▶ **DATA SHOWN**:
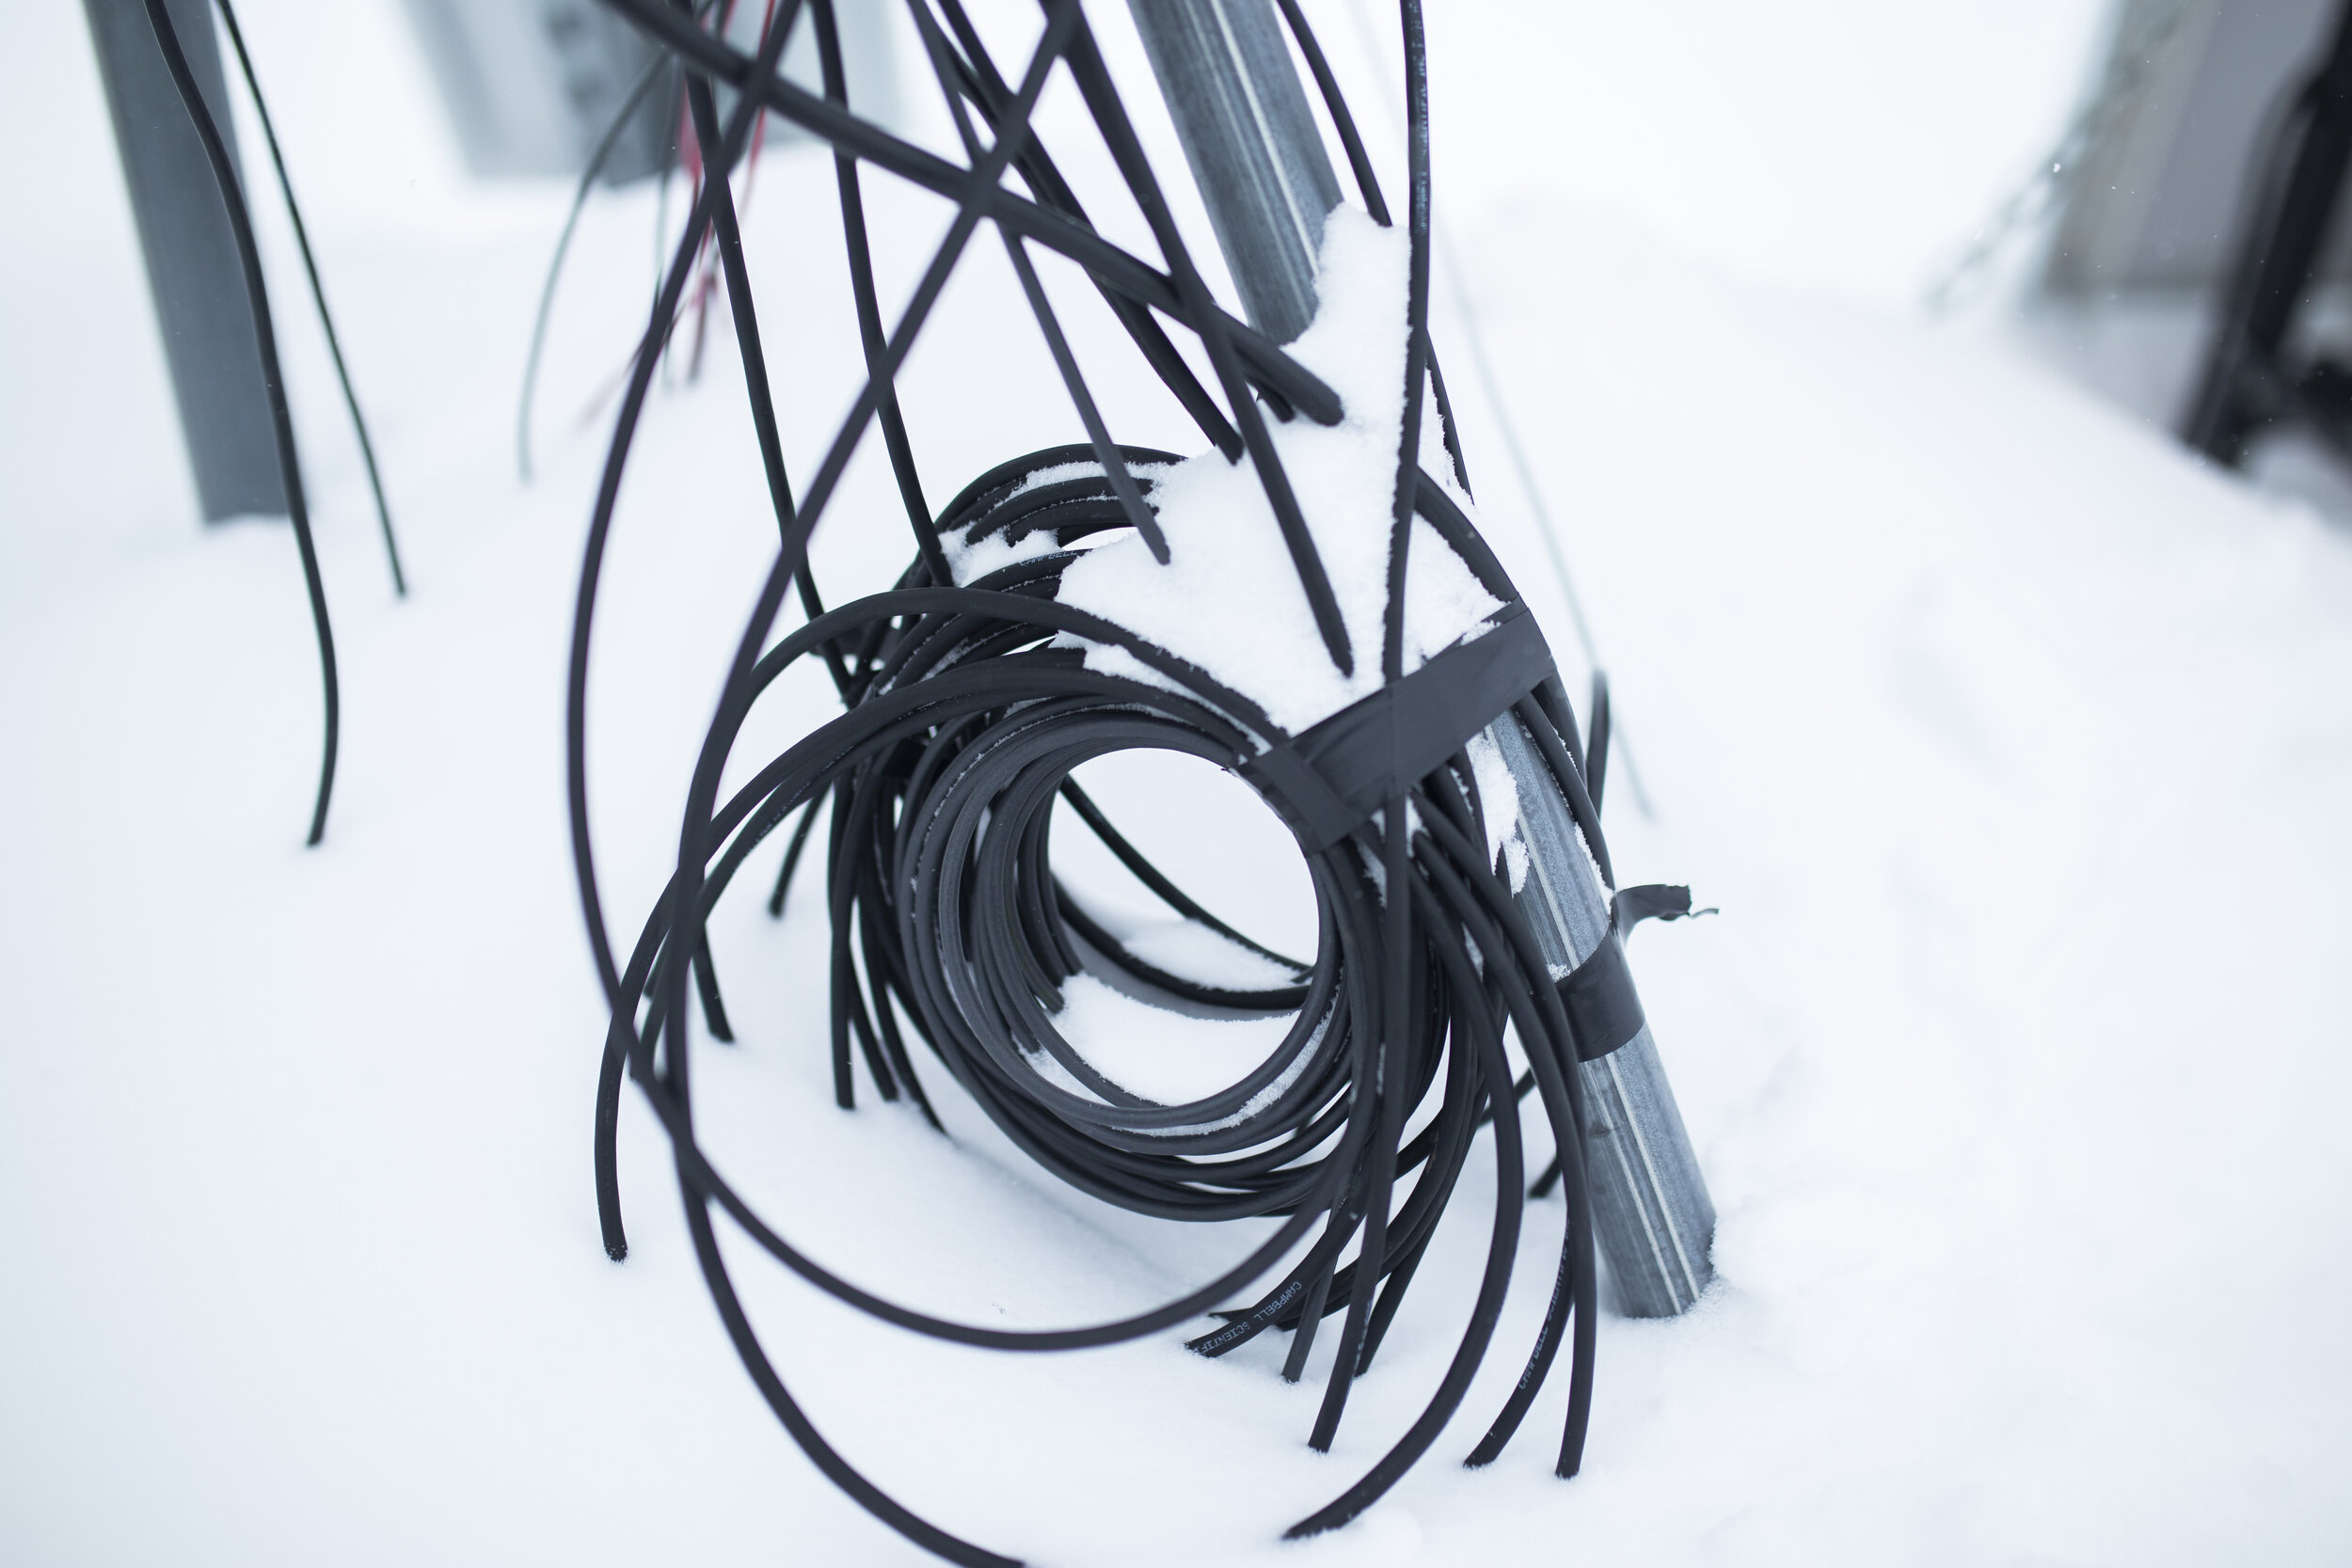  Weather Station cables buried in snow. 
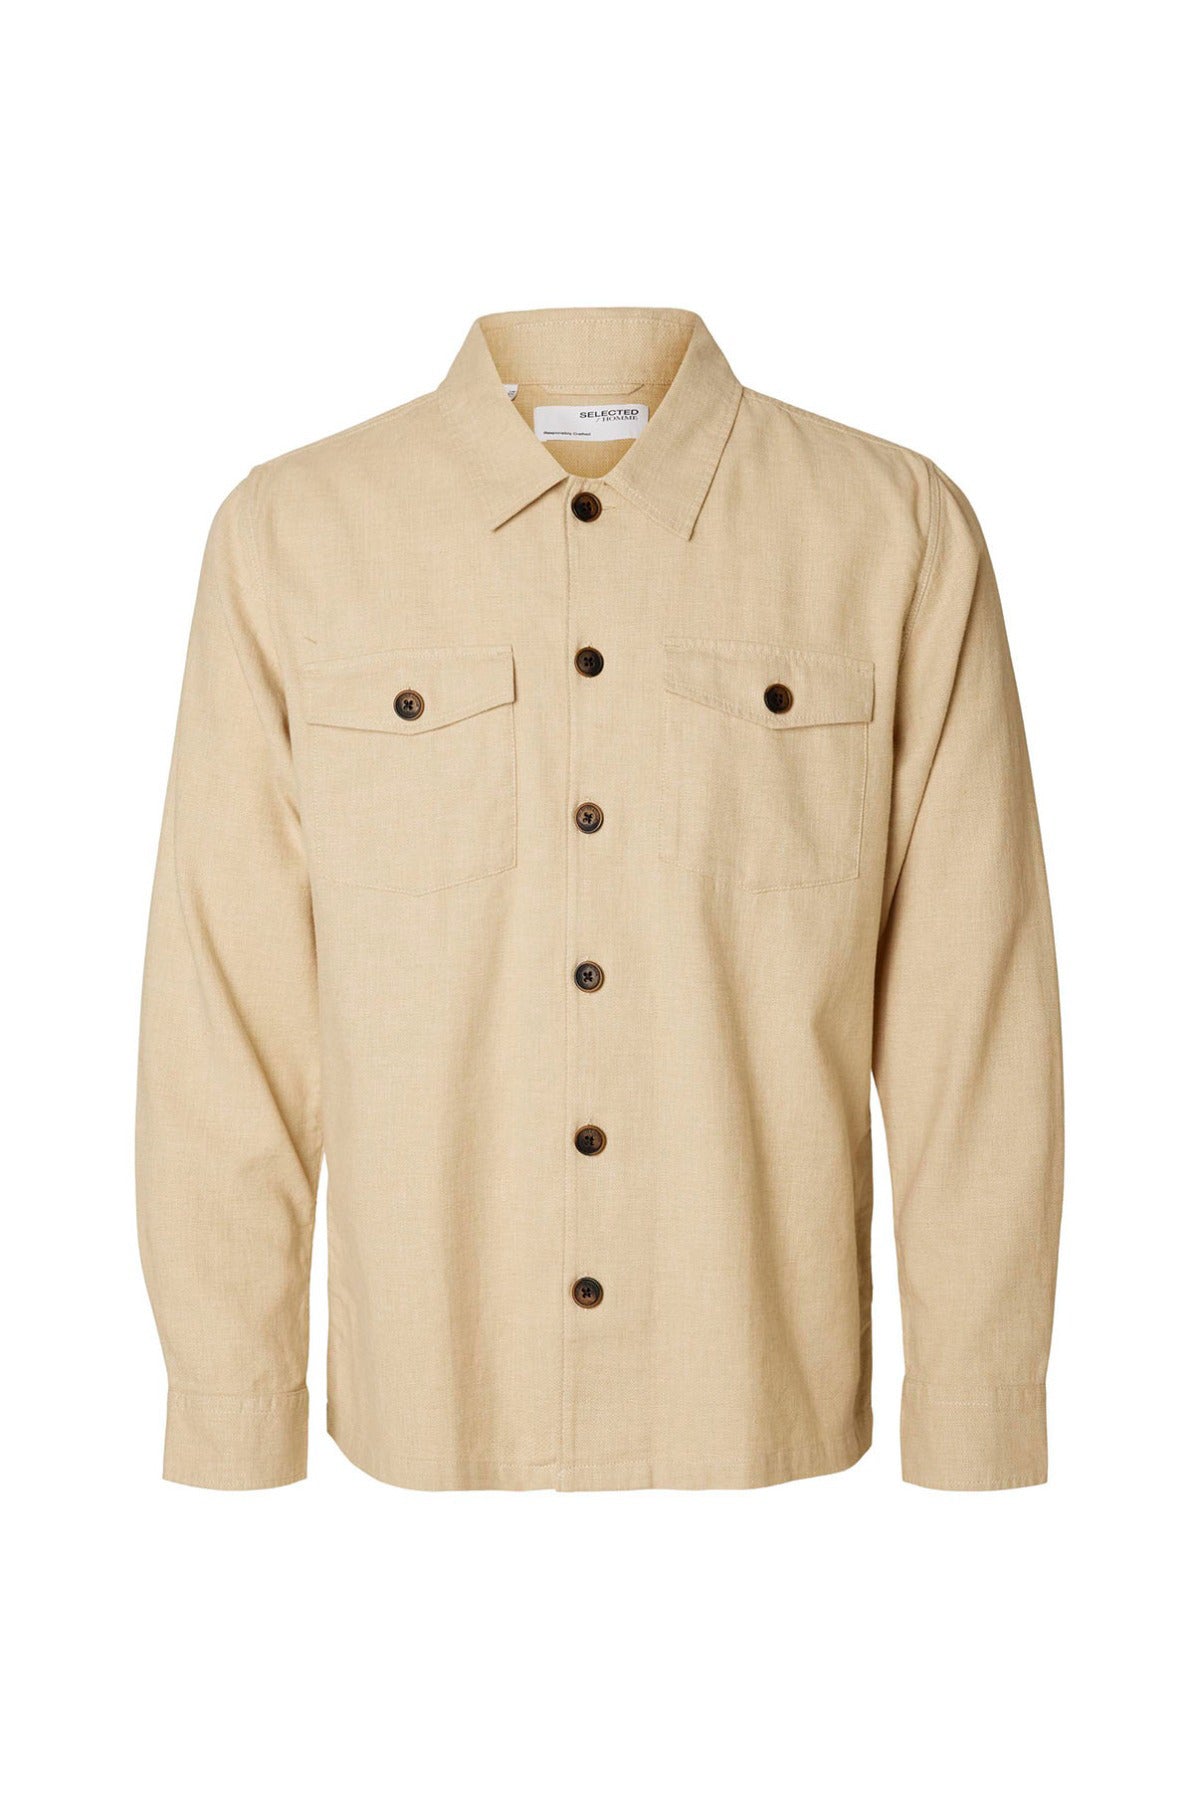 SELECTED HOMME Overshirt Brody
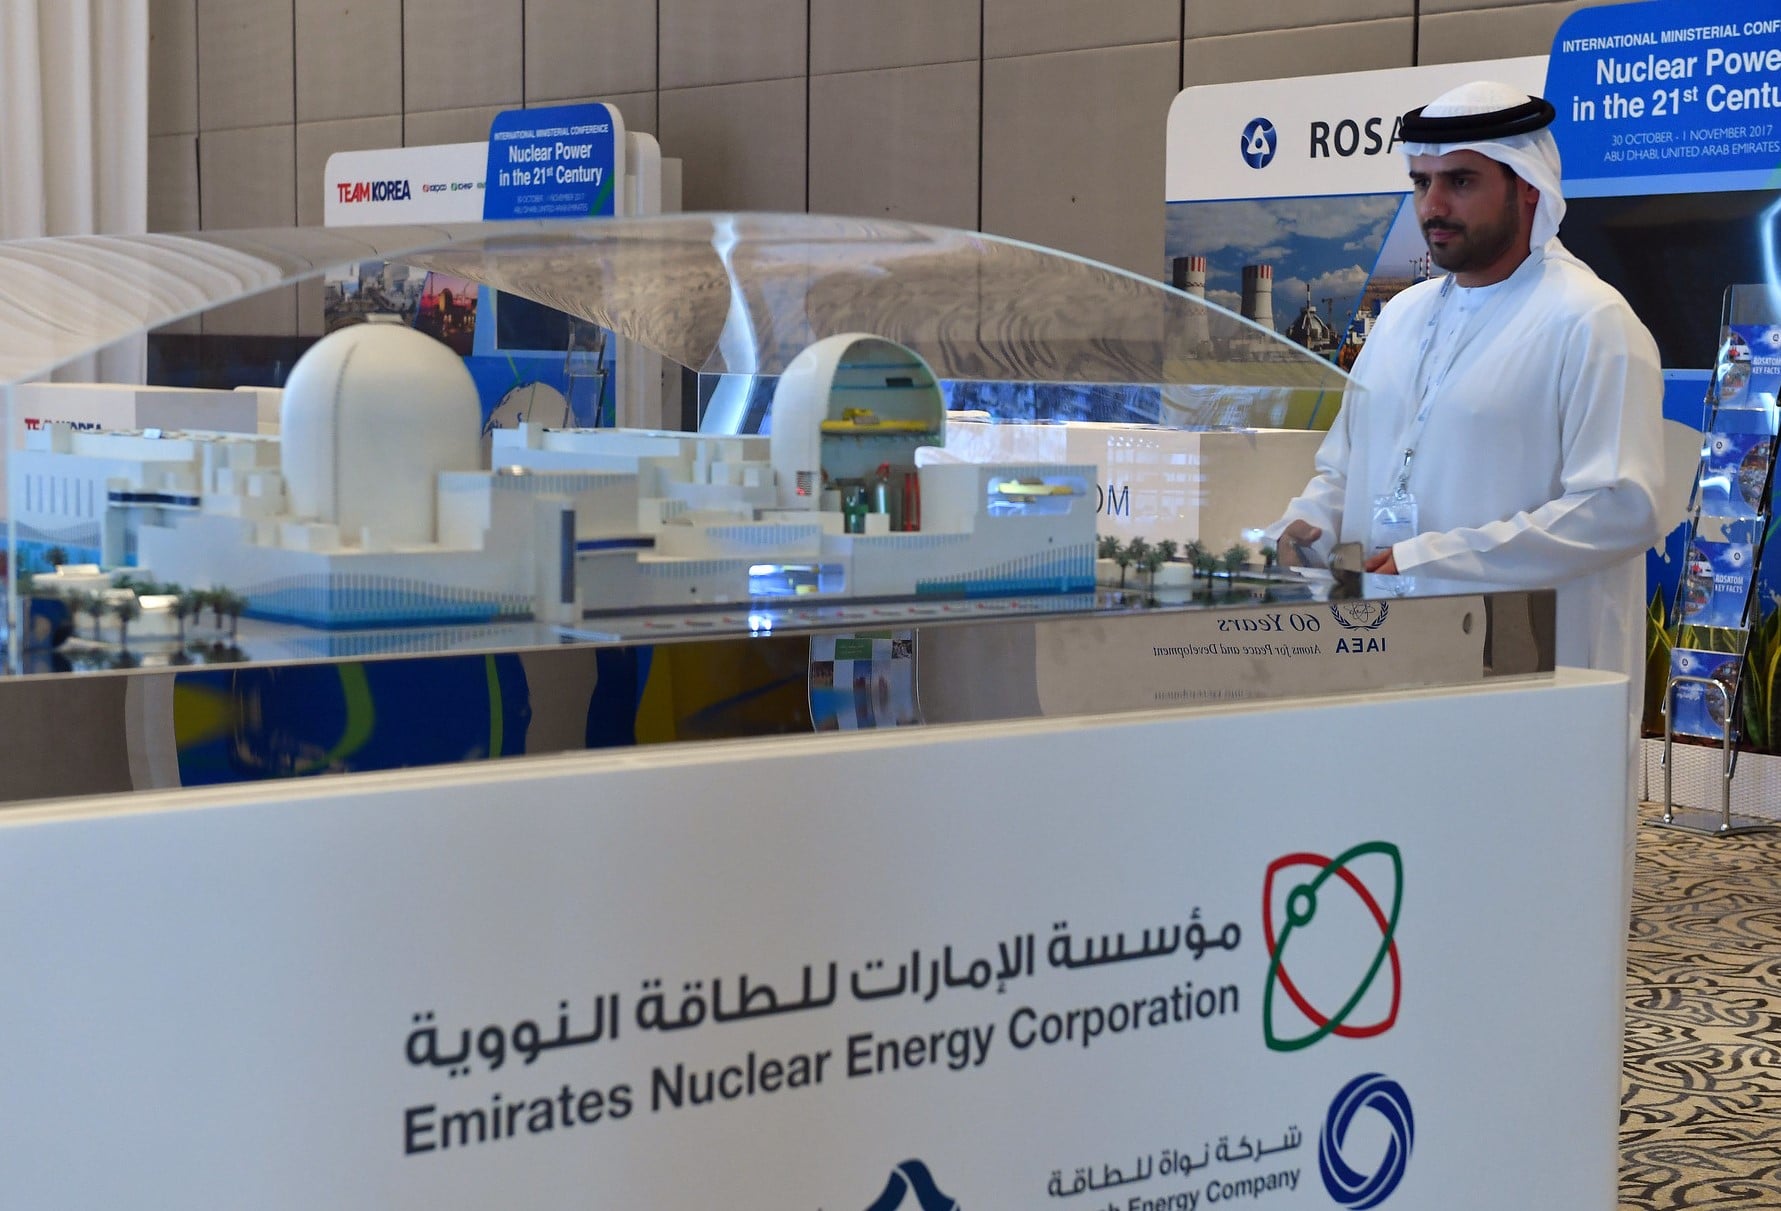 For UAE, the political perks of nuclear power eclipse economics - Bulletin the Atomic Scientists

▶ **TASK OBJECTIVE**:
Everything from the line with "SELECTED HOMME Overshirt Brody" through the last line of the listing should be retyped exactly, with both end lines kept and the pictures left out.

▶ **RESULT OF THIS TASK**:
 SELECTED HOMME Overshirt Brody
 For UAE, the political perks of nuclear power eclipse economics - Bulletin the Atomic Scientists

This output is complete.